Istanbul shaken, but gets back to business as usual

insta

One man worked as a Turkish translator and was escorting tourists back to the airport. One woman, an airport worker, was looking forward to her wedding in 10 days. There were taxi drivers and a customs officer. And there was a Turkish couple who worked together, and died together, in the suicide attack on Tuesday night at Istanbul Ataturk Airport that killed at least 41 people and wounded more than 200.

Details about the victims began trickling out on Wednesday. At least 23 of them were Turkish, according to a Turkish official who spoke on the condition of anonymity because he was not authorised to speak on the record about the attack.The victims reflected the cosmopolitan and international character of Istanbul, whose airport is among the world’s busiest, a hub for tens of millions of passengers each year connecting to Europe, West Asia, Africa and beyond. Among the victims were five Saudis, two Iraqis and one citizen each from China, Iran, Jordan, Tunisia, Ukraine and Uzbekistan, the Turkish official said.

Flights resume

Hours after the attack, a limited number of flights resumed and workers continued clearing debris and replacing shattered windows at the airport.Unlike in Brussels, where a terrorist attack in March closed the airport for days, Turkey appeared determined to get back to business as usual. On Wednesday morning, cars streamed into the airport’s international terminal, where the attack occurred.
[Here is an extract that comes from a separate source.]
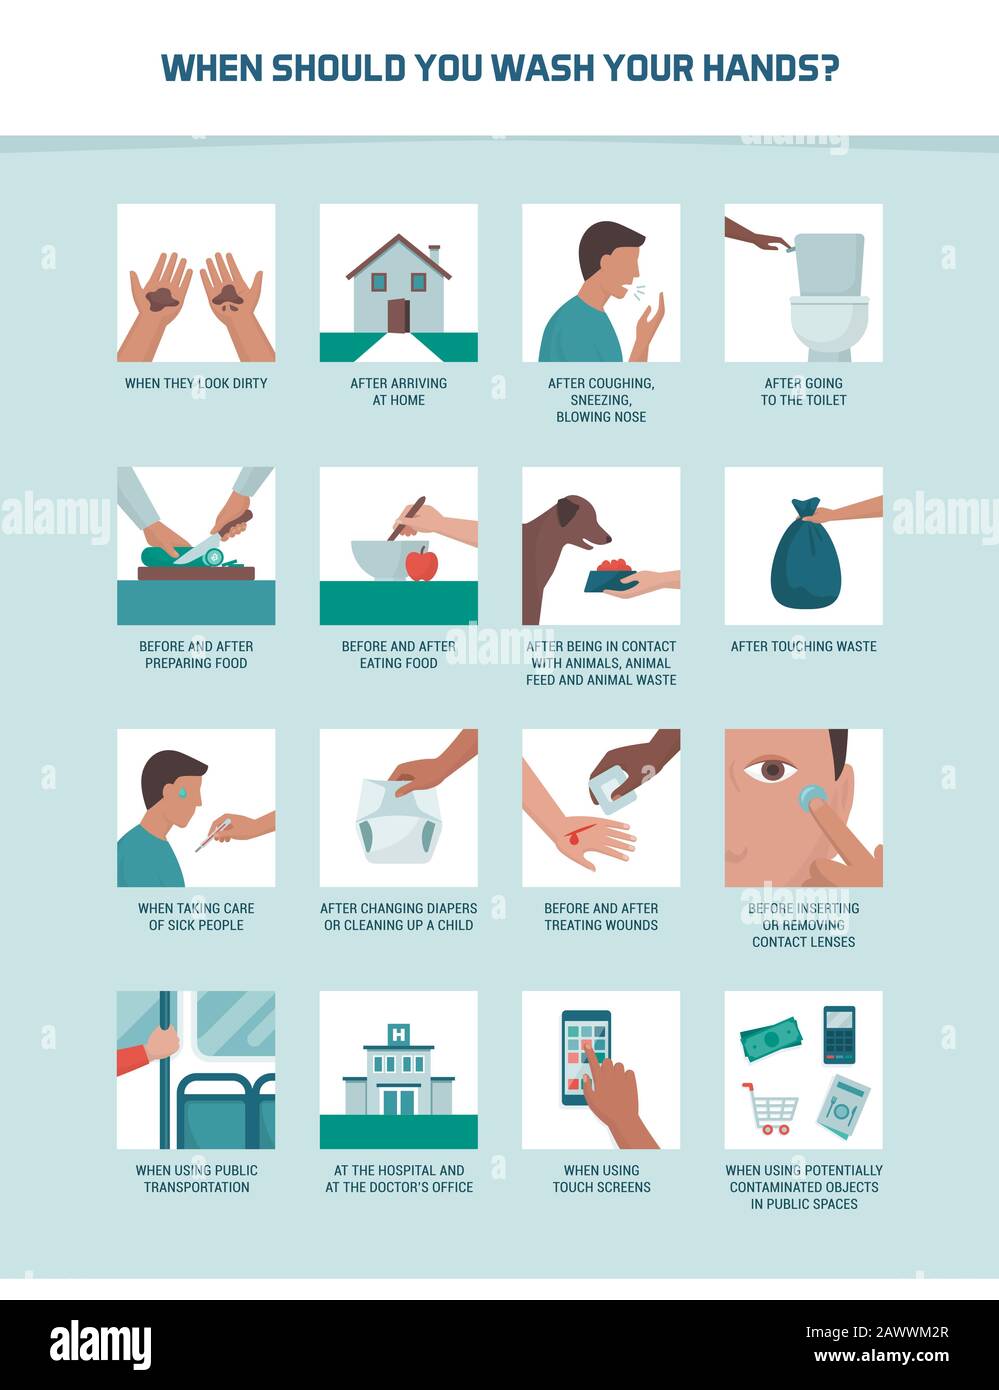 Personal hygiene, disease prevention and healthcare educational infographic: when should you wash your hands? Stock Vector
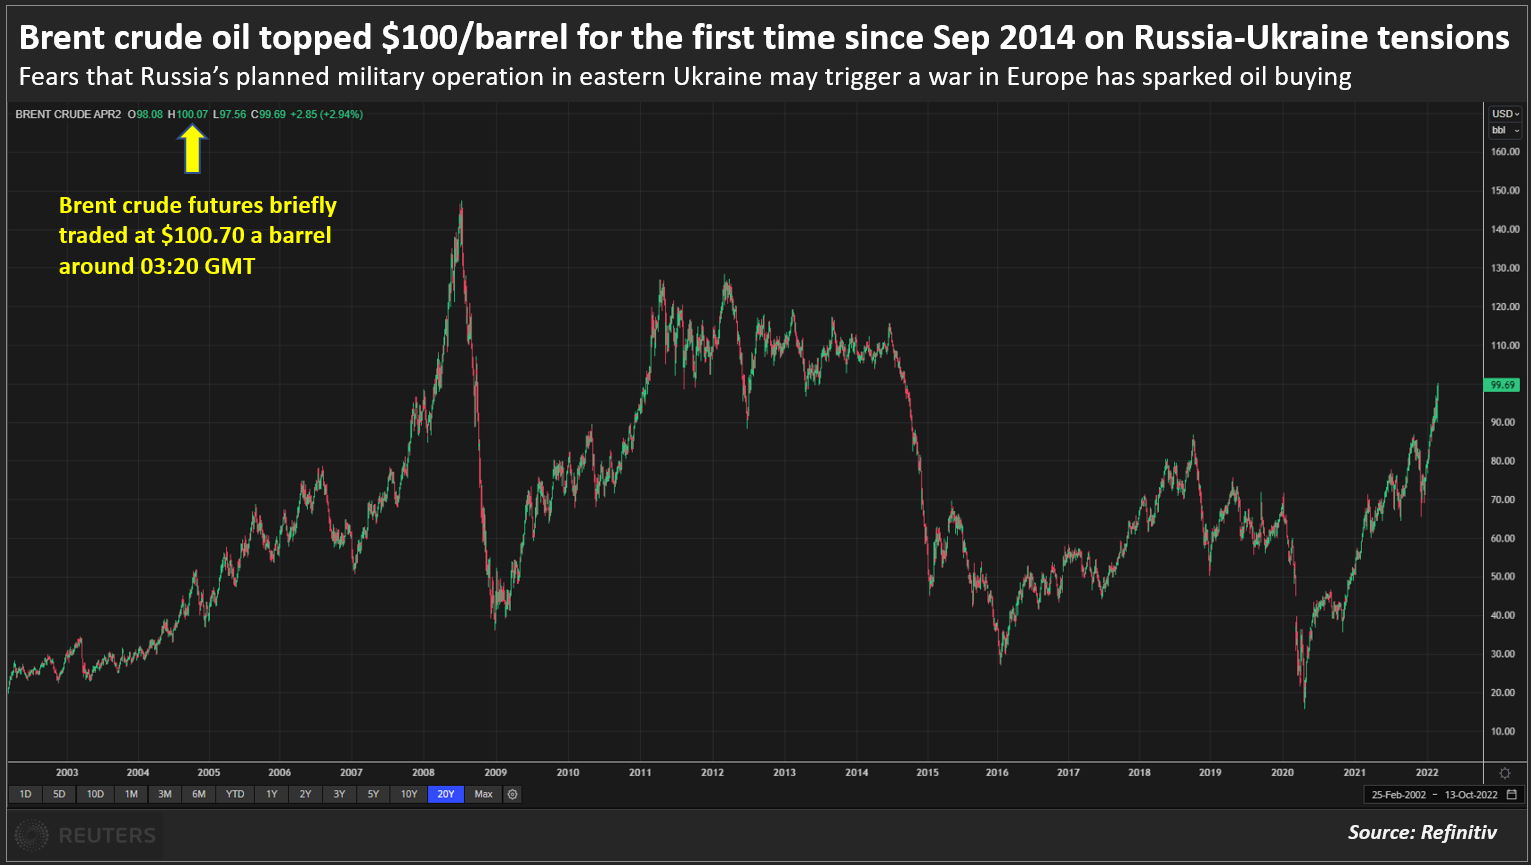 Oil tops $ 100 for first time since 2014 as Russia attacks Ukraine

But traces of the blasts lingered: Police tape marked off the area of one of the explosions. Workers in yellow vests pounded long support bars into the concrete sidewalk, erecting a 7-foot high metal fence dividing the road from the airport entrance.An elderly woman, who said she was a refugee from Afghanistan, sat on gravel in the shade, near a pile of her belongings, and watched them. Passengers making their way through the first airport security check point on Wednesday seemed shaken.

“It was only God’s grace that separated us from the tragedies that happened here,” said Tanika Golota (26), a school counsellor from Chicago, who was holding her 1-year-old, Mila. The Golotas, on their way home from a vacation in Portugal with a layover in Istanbul, had left the airport just 40 minutes before the explosion. “You see it on TV and you know it happens, but we are naive to the fact that it could happen to us,” she said.